With reference to FIG. 11, a contour shape measuring machine 10 consists of a horizontally feeding mechanism 13 which is provided on a column 12 standing on a base 11, and a detector 14 which has a probe 15 and is provided on the horizontally feeding mechanism 13 in such a manner as to freely move in a horizontal direction (X). The detector 14 detects the displacement of the probe 15 in a vertical direction (Z). A scale is built in the horizontally feeding mechanism 13, and the scale detects the horizontal movement amount of the detector 14.
When the detector 14 moves in the direction X while the probe 15 is in contact with a measured area on the workpiece 16, the detector 14 detects the vertical displacement of the probe 15, and the scale of the horizontally feeding mechanism 13 detects the horizontal movement amount of the detector 14. Thus, the contour shape of the workpiece 16 is measured.
Required as measured values are a geometric shape value (such as the diameter of a circle, the longer diameter and shorter diameter of an ellipse, and the central position of a circle, which are calculated by setting the shape data to a geometric shape such as a straight line, a circle and an ellipse), and a geometric shape boundary value (such as a position of a boundary where two geometric shapes intersect each other, an angle formed by two geometric shapes which intersect each other, and the distance between boundaries).
An example of the data processing unit is provided with either a system which describes a shape view (which plots values at each measurement point in X and Z directions) by outputting the shape data directly to an X-Y plotter, or a system which has a data processing unit and displays a shape view on a CRT, or both of these two systems. According to the system which outputs the shape data to the X-Y plotter, an operator must read the geometric shape value and the geometric shape boundary value on the shape view. According to the system which has the data processing unit, the data processing unit is capable of calculating the geometric shape value and the geometric shape boundary value as explained below with reference to a flow chart of FIG. 9 and a view of FIG. 10.
First, when the operator measures the workpiece 16 by the contour shape measuring machine 10 (step 121), the CRT displays a shape view which describes measured positions (step 122).

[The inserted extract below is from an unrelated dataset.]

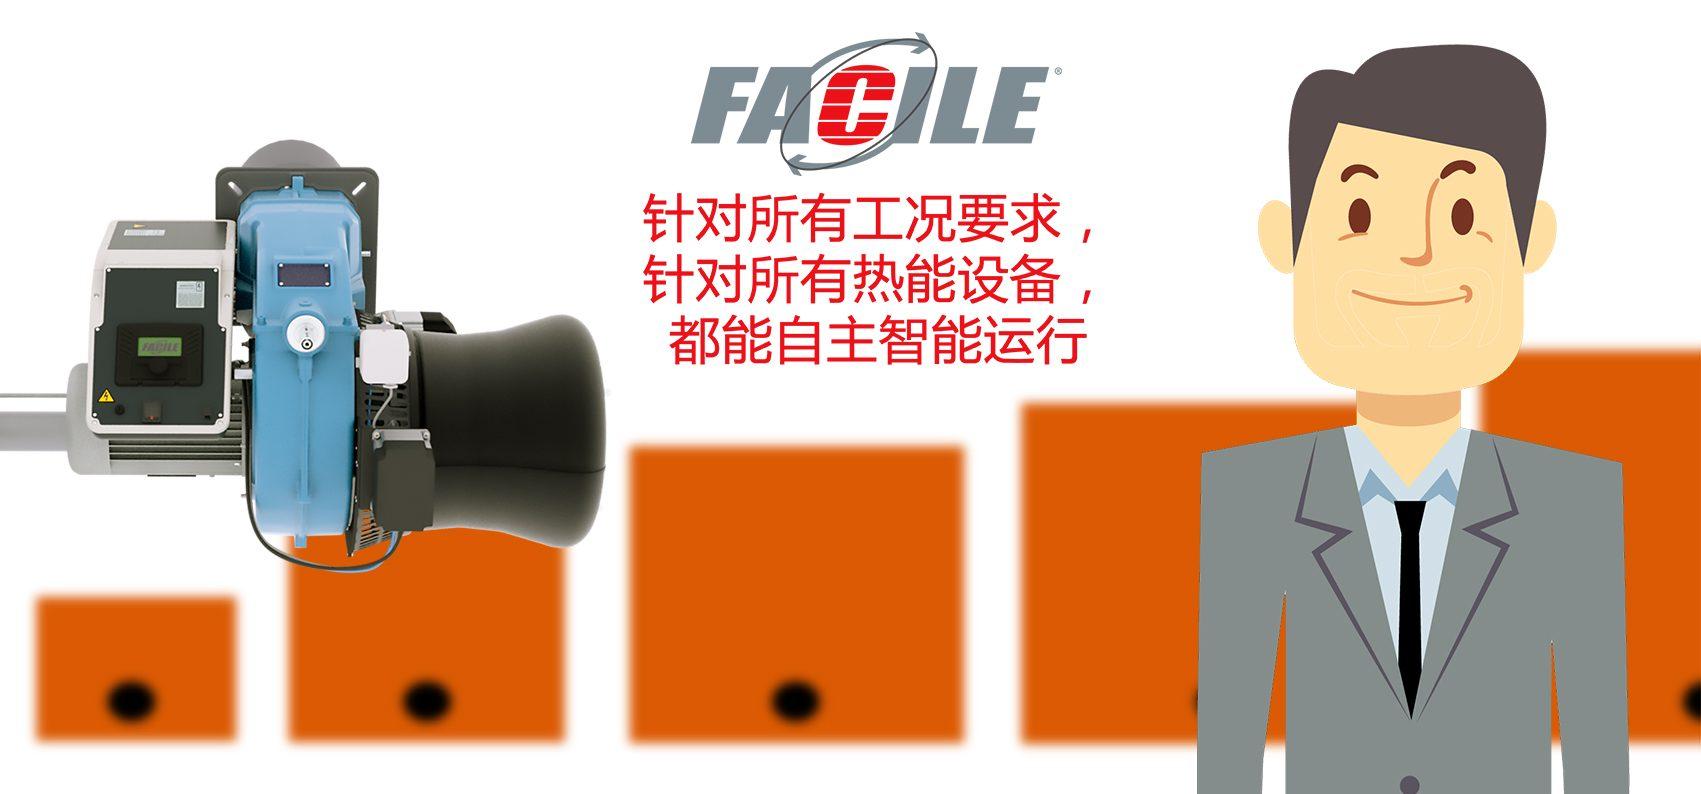 FACILE CIB Unigas 针对所有热能设备

FIG. 10 shows the outline of an example in which a screw-like triangular workpiece is measured. The reference numeral 141 is a measurement starting point, and 151 is a measurement ending point.
With reference to the shape view being displayed, the operator determines and designates applicable geometric shapes (all of which are straight lines in this example.) The operator also specifies an objective area of the geometric shape value calculation (step 124). Large measurement errors normally in the vicinities of the measurement starting point 141 and the measurement ending point 150, and in an area where the shape changes greatly. An area except for those areas (e.g. an area between a point 142 and a point 143 in FIG. 10) is designated as the objective area of the geometric shape value calculation. On designation of the objective area of the geometric shape value calculation, the shape data in the designated area is calculated automatically in accordance with the designated geometric shapes (step 125), and the geometric value (a straight line Lh in the case of the area between the point 142 and the point 143) is displayed (step 126).
Then, the operator determines whether to calculate a geometric shape value in the next area of the shape view or a geometric shape boundary value (step 127). To calculate the geometric shape value in the next area, the process returns to the step 123, and the operator determines and designates the applicable geometric shape and designates areas such as "an area between a point 144 and a point 145", "an area between a point 146 and a point 147", and "an area between a point 148 and a point 149." Thereby, the geometric shape values of the straight lines Li, Lj, Lk, etc. are calculated.
To calculate the geometric shape boundary value, the operator designates two geometric shapes such as the straight lines Lh and Li (step 129). A geometric shape boundary value (coordinate values at an intersection 151 and an angle of intersection .theta.d) of the designate geometric shapes is automatically calculated (step 130), and the calculating results are displayed (step 131). Likewise, coordinate values at an intersection 152 and an angle of intersection .theta.e are calculated on designation of the straight lines Li and Lj. Coordinate values at an intersection 153 and an angle of intersection .theta.f are calculated on designation of the straight lines Lj and Lk.
Thereafter, the operator returns to the step 123 in order to calculate a geometric shape value in the next area, and returns to the step 128 in order to calculate a next geometric shape boundary value (step 132).
In order to find the geometric shape value, the operator must determine and designate the type of the geometric shape corresponding to the displayed shape. The operator must also designate the objective area of the geometric shape value calculation. Likewise, in order to find the geometric shape boundary value, the operator must separately designate two geometric shapes. It takes a long time to complete such a complex operation.
The present invention has been developed in view of the above-described circumstances, and has as its object the provision of an automatic shape calculating method and apparatus for a contour shape measuring machine, the method and apparatus which automatically calculate a geometric shape value and a geometric shape boundary value in accordance with shape data without the operator's determining geometric shapes, designating objective areas of the geometric shape value calculation and designating the applicable geometric shapes of geometric shape boundaries.